Some Milwaukee Common Council members are probing the city's handling of a Bay View case involving children with elevated levels of lead in their blood. They are not liking what they're hearing.
Milwaukee Health Department managers appeared before the council's Public Safety and Health Committee Thursday to report on the case, which first came to public light last month.
Department official Marivel Montejano said her agency has been helping one of the kids for three years, and two properties the family has lived in have had lead abatement work done. But she said mistakes were made at the second site in assessing additional lead hazards to the extended family including several children.
"We recognize there was some failures by the inspector, and as a result, we are going to be making some changes to some of our internal policy," Montejano said.
Montejano said improvements have been made at the second property and the health department is still monitoring the children. "We need to continue working with that family to insure those children, that their blood lead levels have decreased," she emphasized.
This is not the first controversy for the health department's handling of the city's lead abatement program. Three years ago, City Health Commissioner Bevan Baker resigned amid revelations the city had failed to provide services for families with kids that had lead poisoning.

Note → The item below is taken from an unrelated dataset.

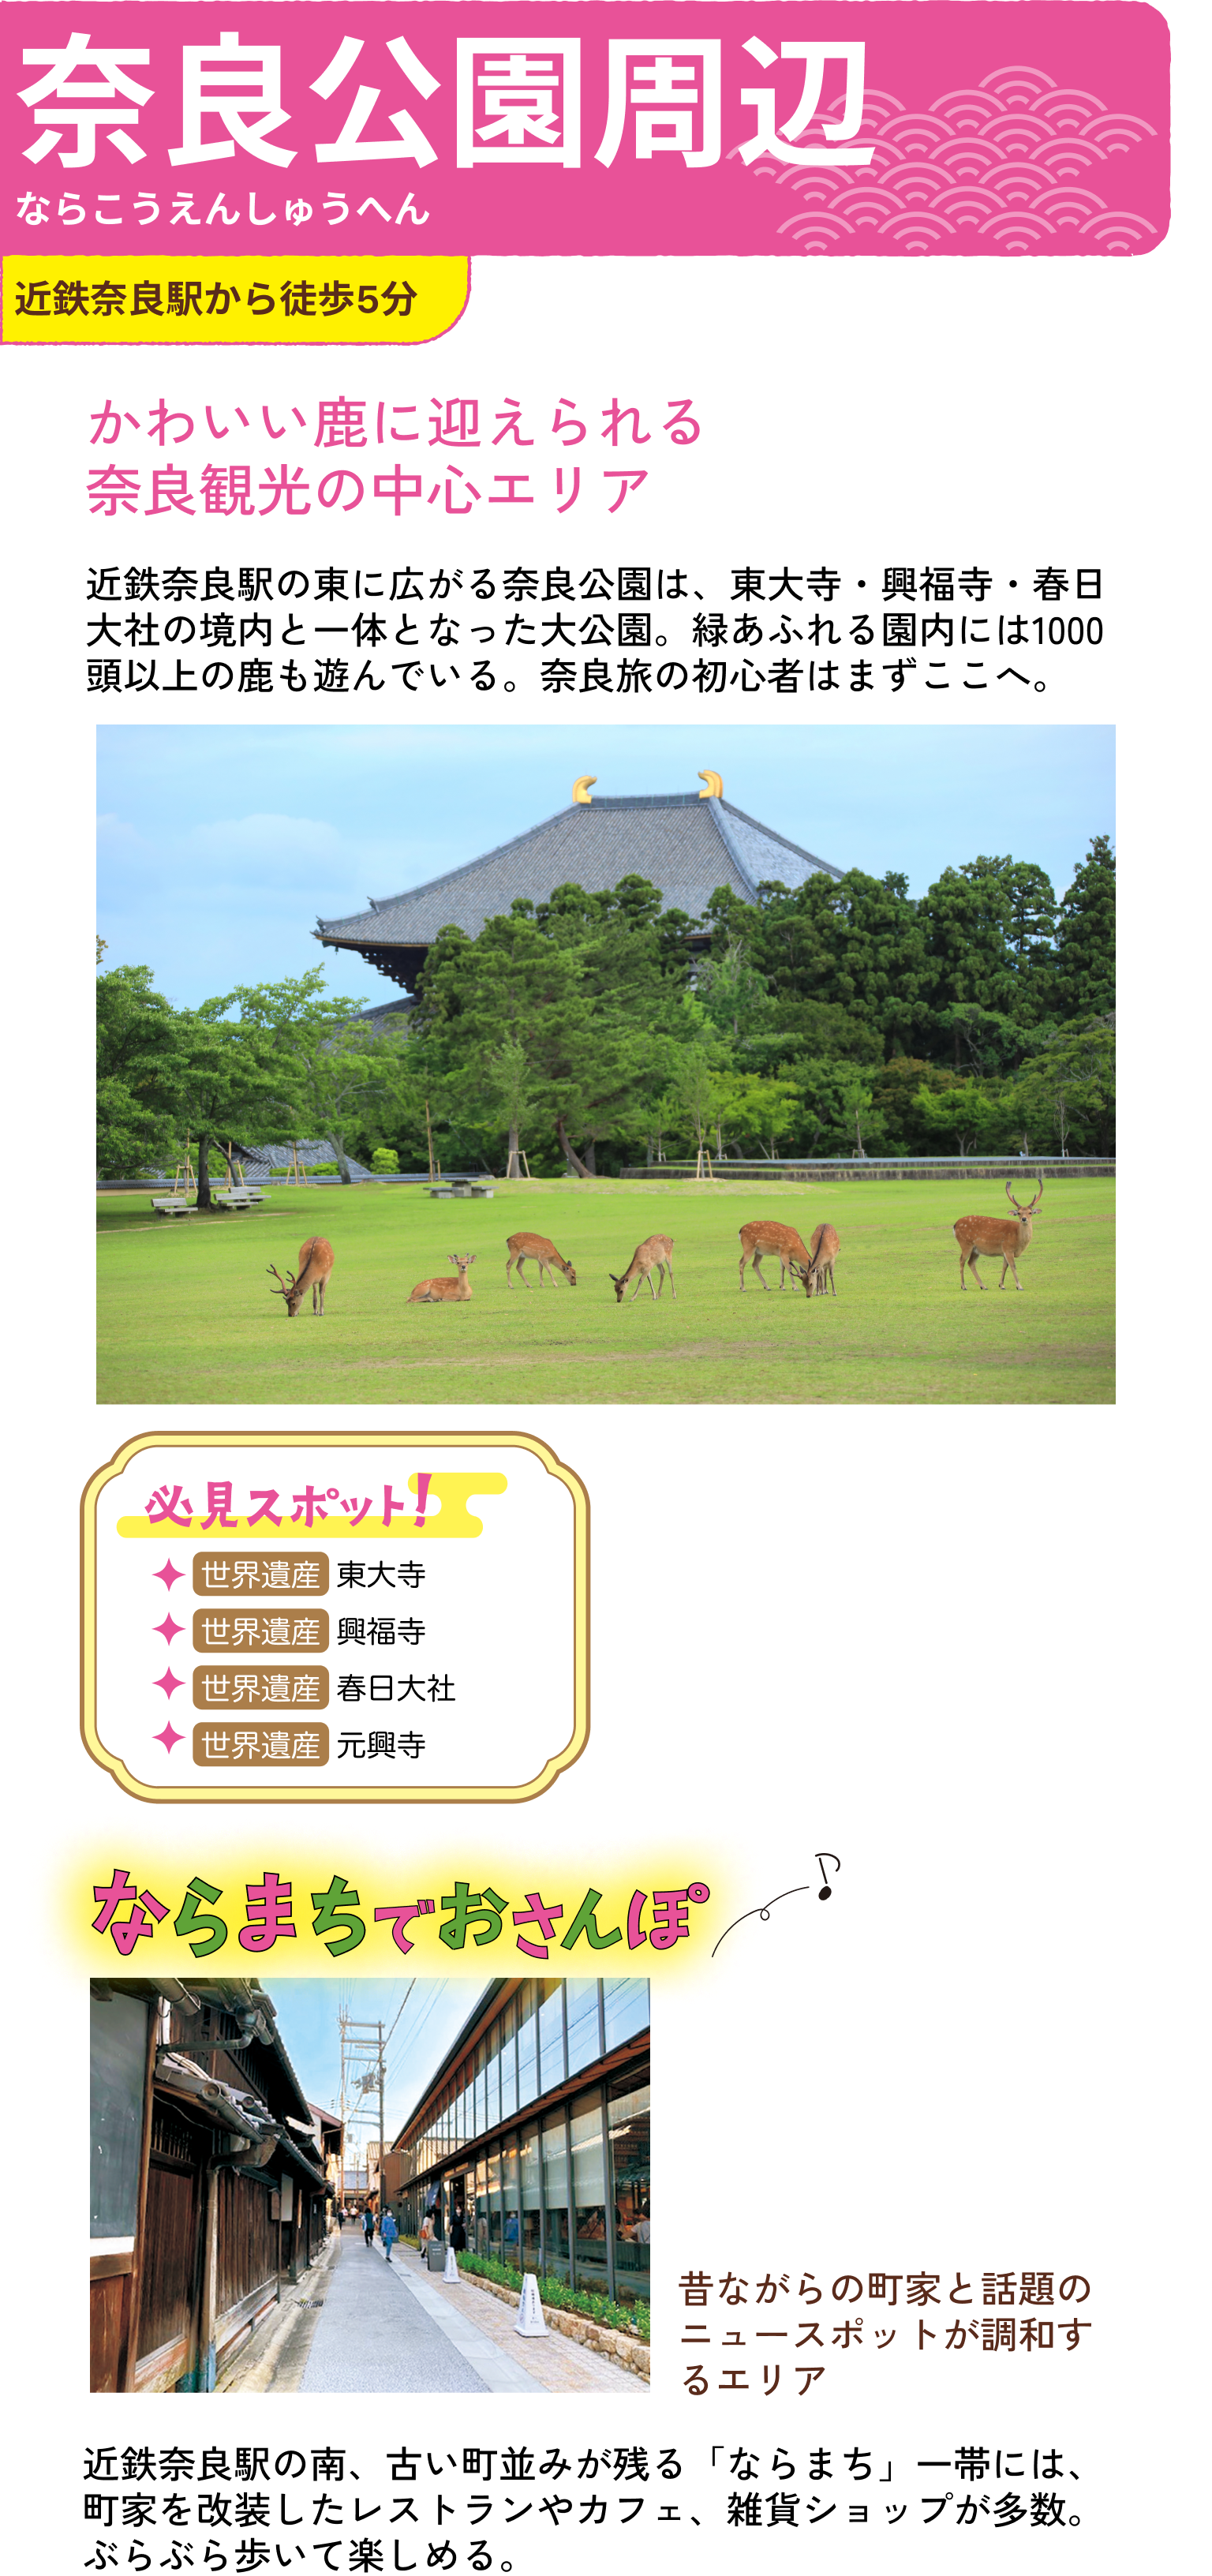 奈良公園周辺のおすすめスポット紹介

An audit and new leaders of the department have brought some changes. But Alderperson Jose Perez said he'd like to see measurements of how well the changes are working.

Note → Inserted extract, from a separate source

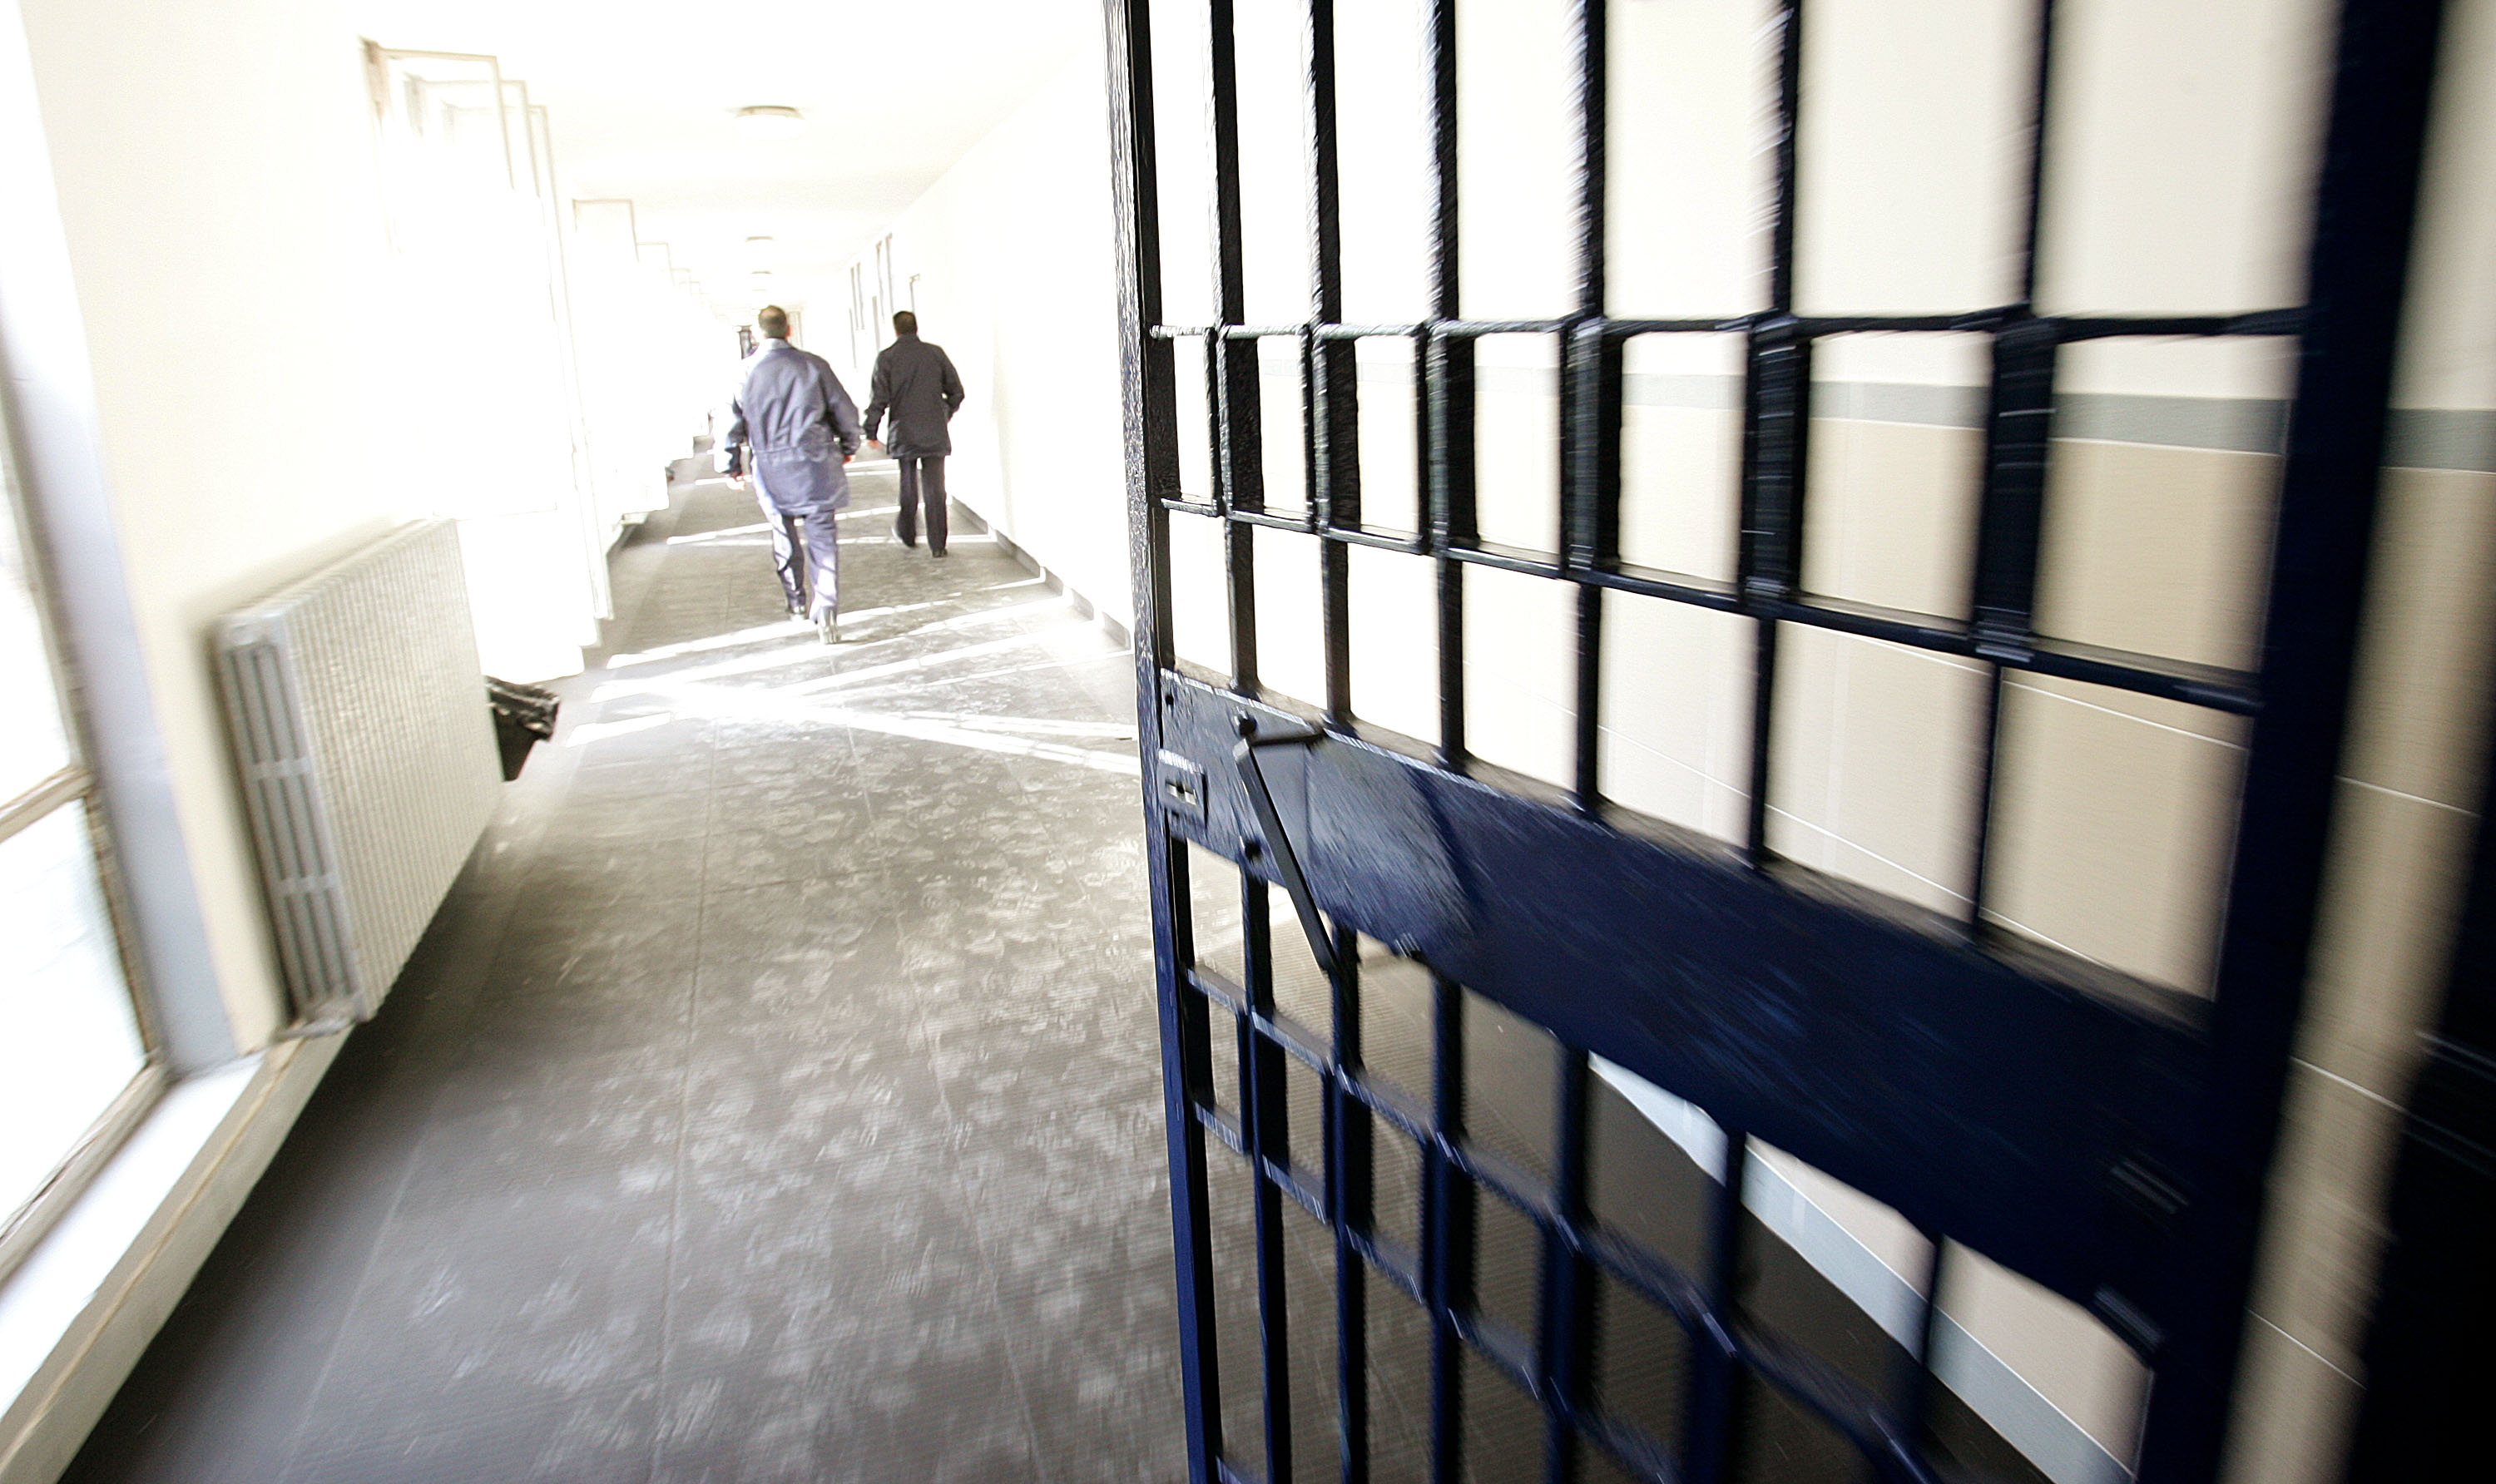  Carceri, SAPPE sui disordini nel carcere di Pisa. “sistema penitenziario si sta sgretolando di giorno in giorno”

"Who's held responsible, and at what point are we going to get some honest answers and figure out that this committee is going to get some very measurable outcomes that we can go back and verify, because we haven't gotten them at this point," Perez said.
The family in the case lives in the district of health committee chairperson Marina Dimitrijevic. The alderperson said all current cases should be audited. She also said instead of the city waiting to test kids who may be ill, more properties should be tested for lead.
Dimitrijevic said Cleveland has a program called Leadsafe. "And what it does is work with landlords where properties are being tested proactively. Wouldn't we want to know about the walls and the paint and the soil, before it gets to a child's blood?" she asked.
Dimitrijevic said Milwaukee should look at spending more of the $400 million in American Rescue Plan dollars coming to the city on protecting kids from lead.